Another area of adjustment that the defendant persuaded the court on were several items should have been charged to Mr. MacDonald that were not, probably because the individual items were not brought to Mr. Klucznik's attention. The court is satisfied that the following items require an adjustment as the defendant satisfied the court on each item: Check #1015 ($10.00), #1053 ($106.00), #1061 ($360.00), #1807 ($100.00), #1109 ($300.00), #1147 ($400.00), #1156 ($63.00), #1157 ($150.00), #181 ($182.50), #1323 ($578.00), #1326 ($420.00), #1294 ($70.00), #1351 ($8.00), #1374 ($200.00), #1375 ($300). Total $3,247.50. This requires a deduction of $1,623.75.
As to the monies received by Mr. Chavez from Colonial Realty, the court finds on the state of the evidence that it is more likely than not that this money was part of a separate arrangement as opposed to fees earned by the Revco partnership. In any event, the plaintiff failed to satisfy his burden of proof that these were fees earned and hence is not entitled to any adjustment on this claim.

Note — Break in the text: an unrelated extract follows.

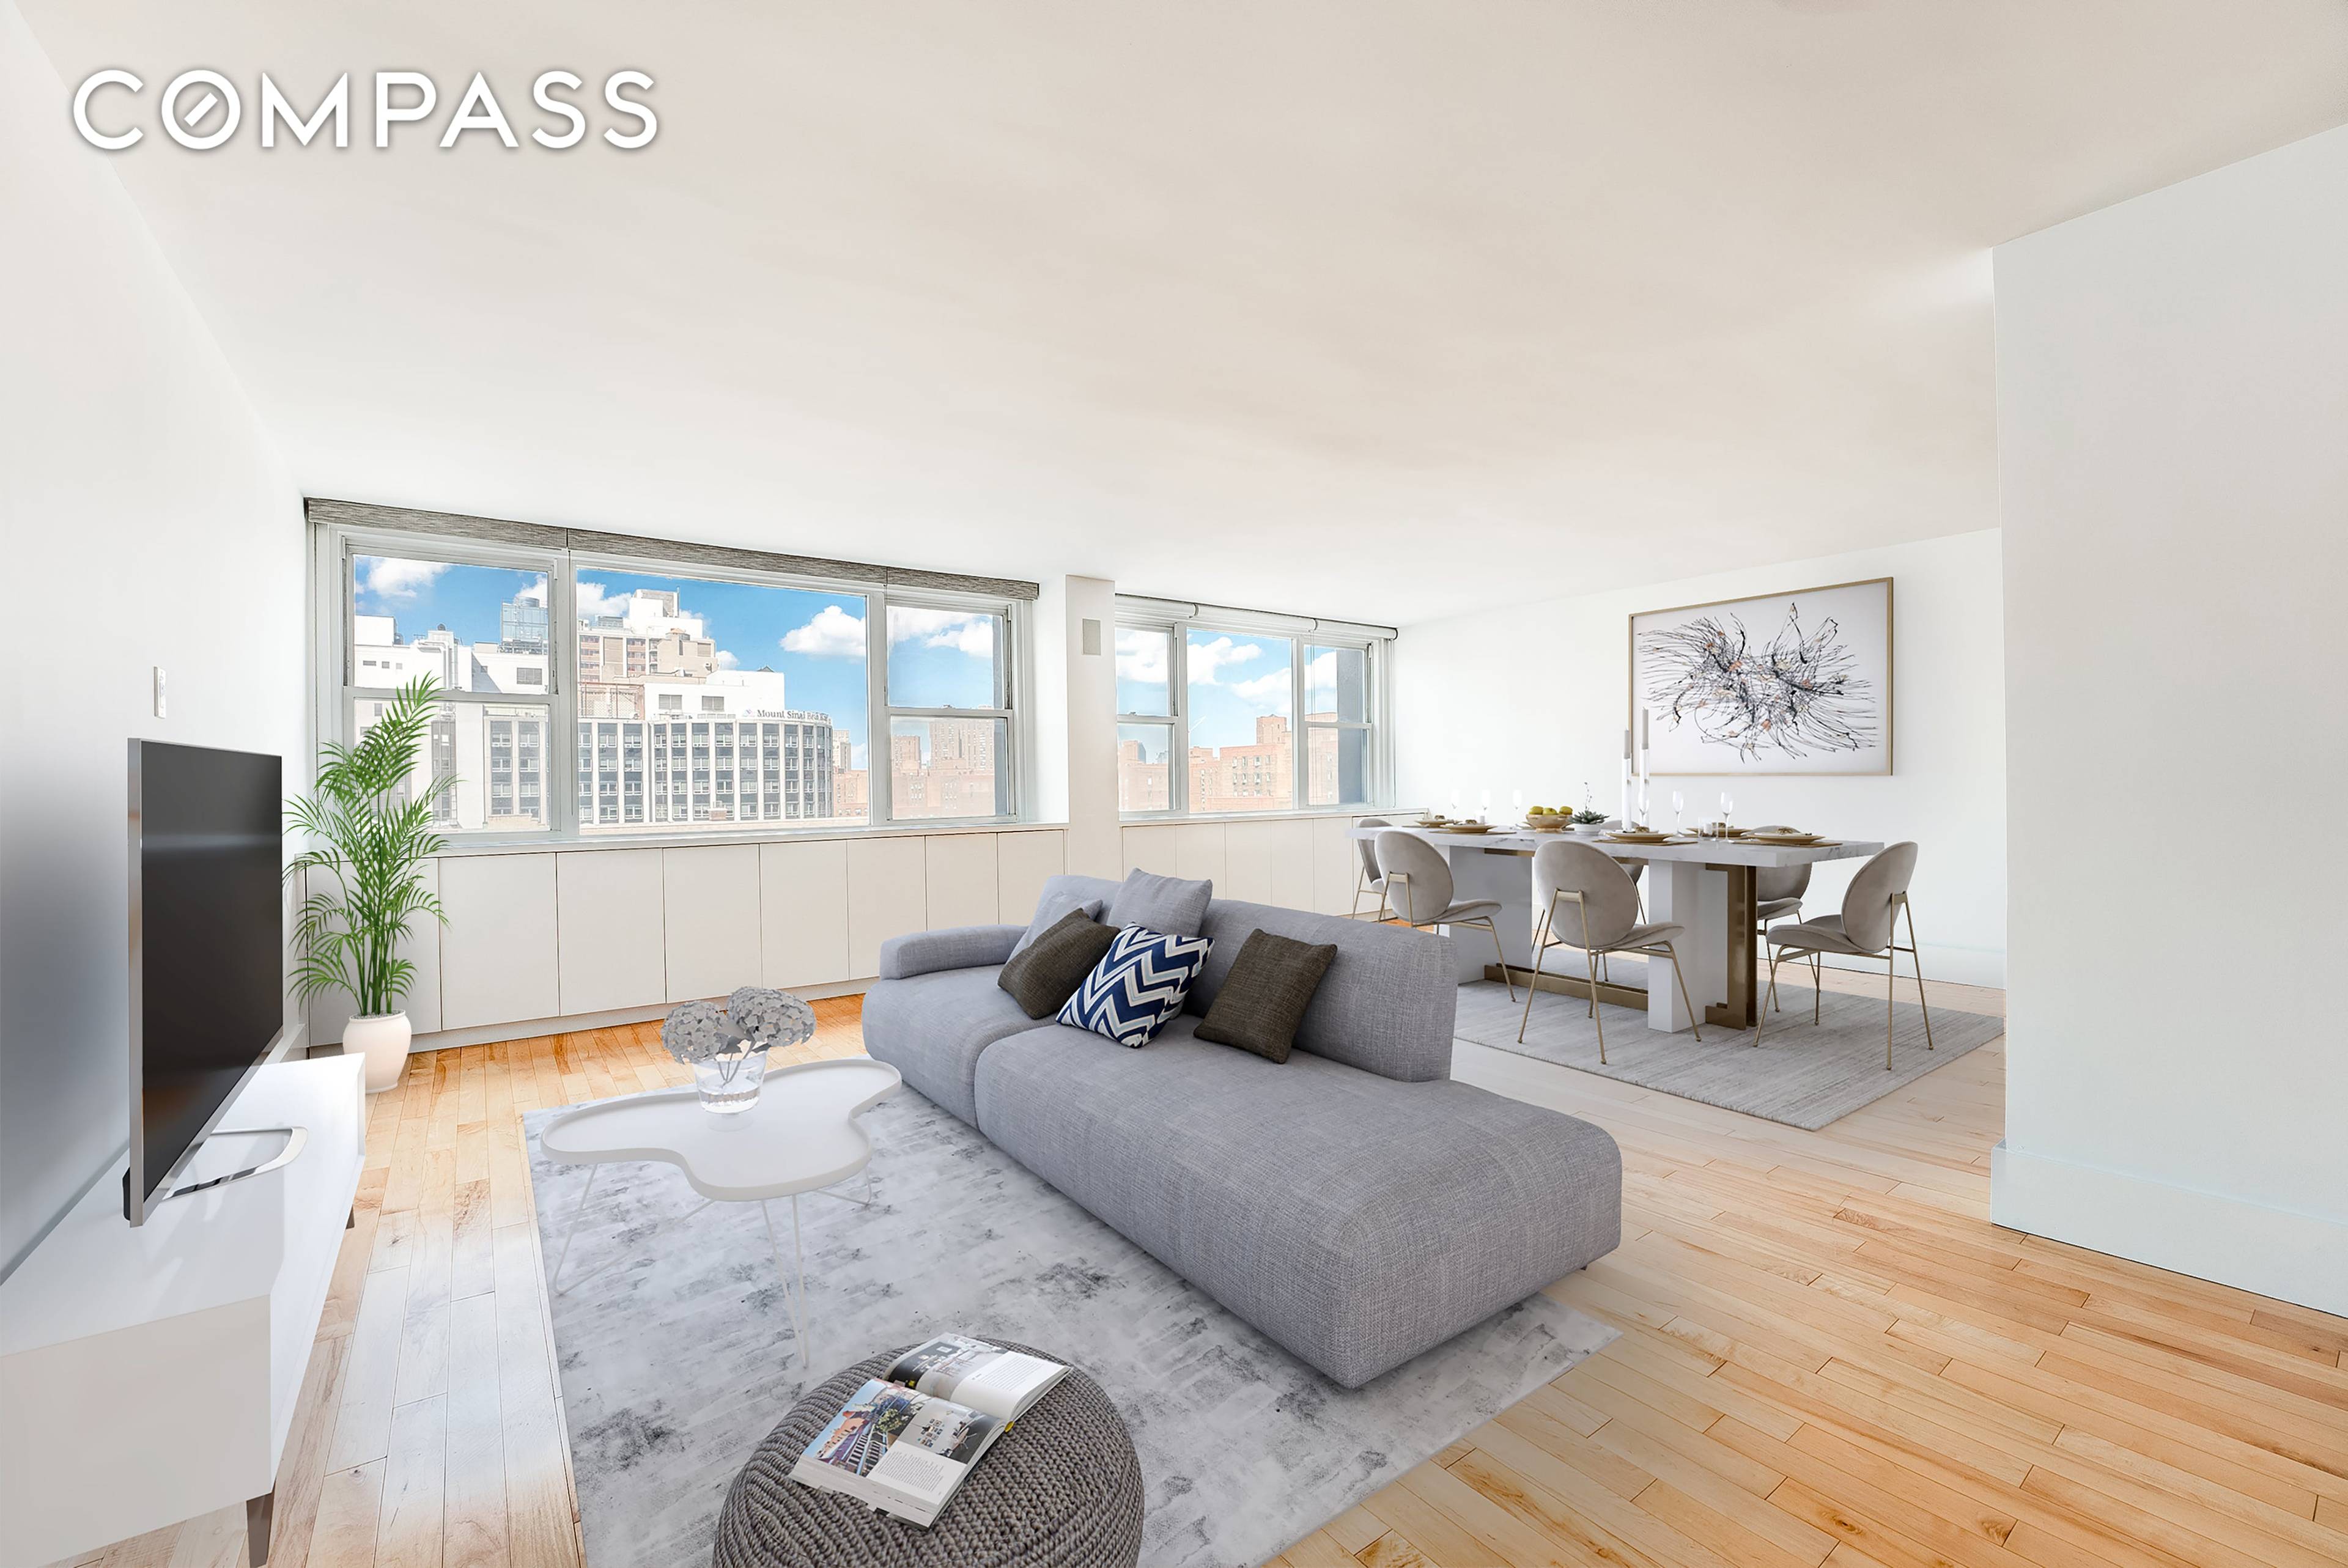 Welcome to 12C 14C, a gorgeous lofty duplex in a sought after, well run co op at the crossroads of coveted Gramercy Park and the vibrant East Village !

As to the furniture in dispute, the court notes that the parties in their formation of the partnership intended to file a listing of furniture that was to be dedicated to the partnership and become a part of the partnership assets. What CT Page 3877 did happen instead was that there were a number of items that were used by the partnership over its lifetime. It might well be that this would be a sufficient basis for the items being treated as a partnership asset on a defacto basis. In any event, neither party provided the court with a factual basis for which the court could conclude that any adjustments were due here. The major item of value in this category was the computer which was removed by Mr. MacDonald upon his withdrawing from the partnership. However, the court was not given any evidence as to its value on the date of taking and hence has no legal basis for making an adjustment. The court notes that this is probably not inequitable, in any event, since the note which the plaintiff paid off on this item may very well have approximated its value.

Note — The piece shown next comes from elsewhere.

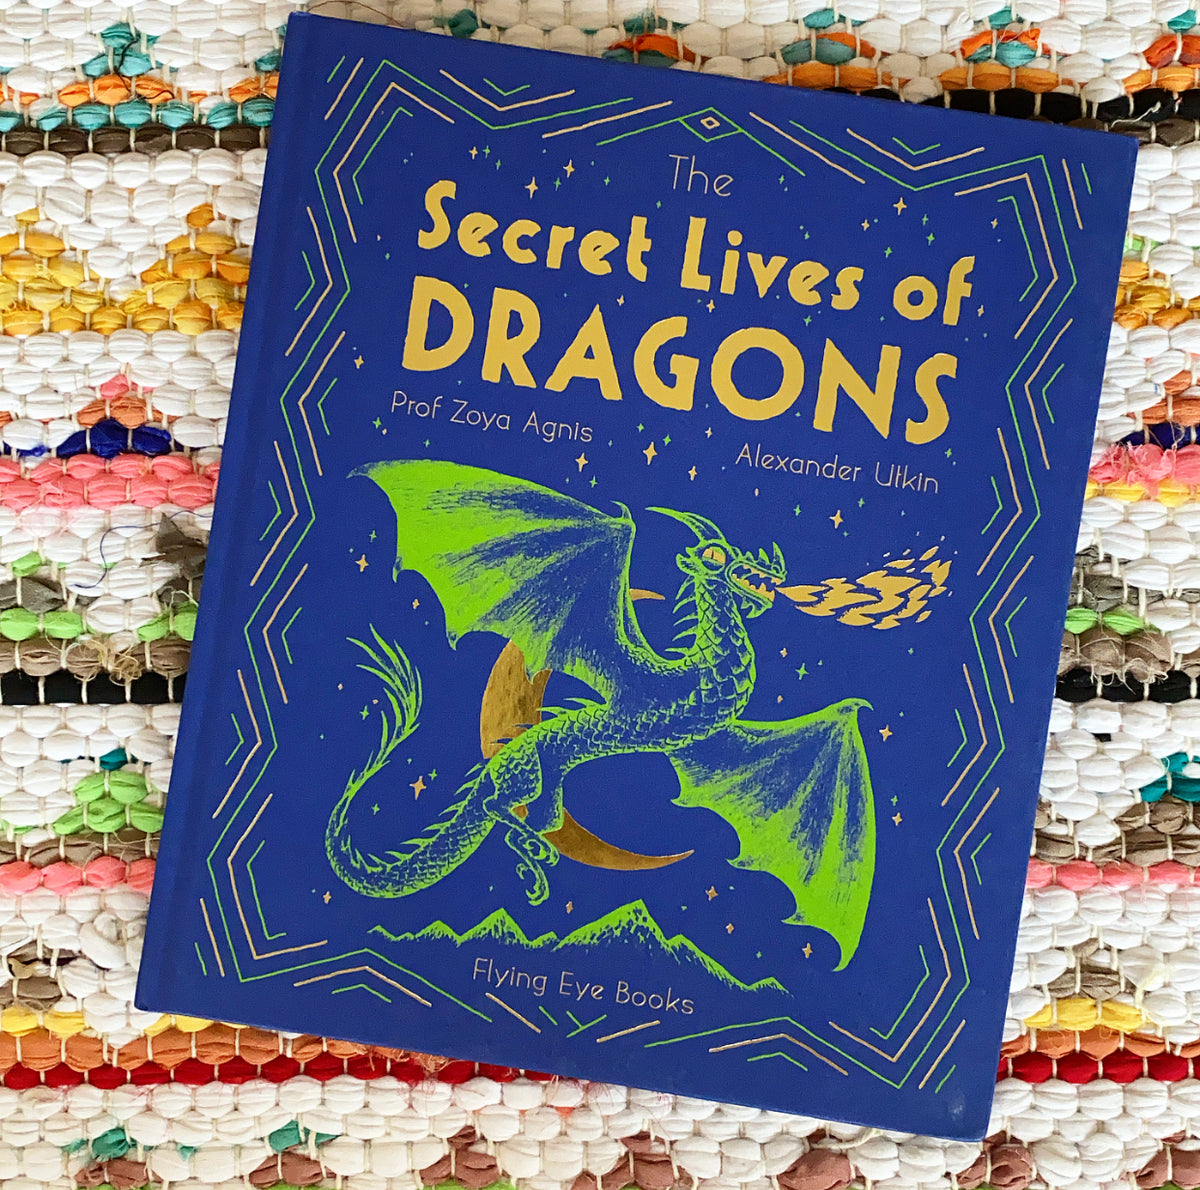 The Secret History Of Dragons

The court is also satisfied that an adjustment is required for the management fees collected by Mr. McDonald for work done by Revco for its work performed prior to December 1, 1988. The court is satisfied based on Mr. Chavez's examination of Mr. MacDonald that it was proven by a fair preponderance of the evidence that the outstanding fees due were collected. Those amounts due are as set forth in defendant's Exhibit Q, as the court found Mr. Chavez's testimony credible on this issue. The maintenance fees are not included as the court is not satisfied that these were in fact collected by Mr. MacDonald. The court finds that Mr. MacDonald collected $14,732.80 in management fees due Revco and thus an adjustment of $7,366.40 is required.
In summary, the figure of $49,360.00 requires adjustments in Mr. Chavez's favor as follows: $677.98; $1,623.75; $7,366.40 a total of $9,668.13 resulting in a figure of $39,691.87 due Mr. MacDonald from Mr. Chavez.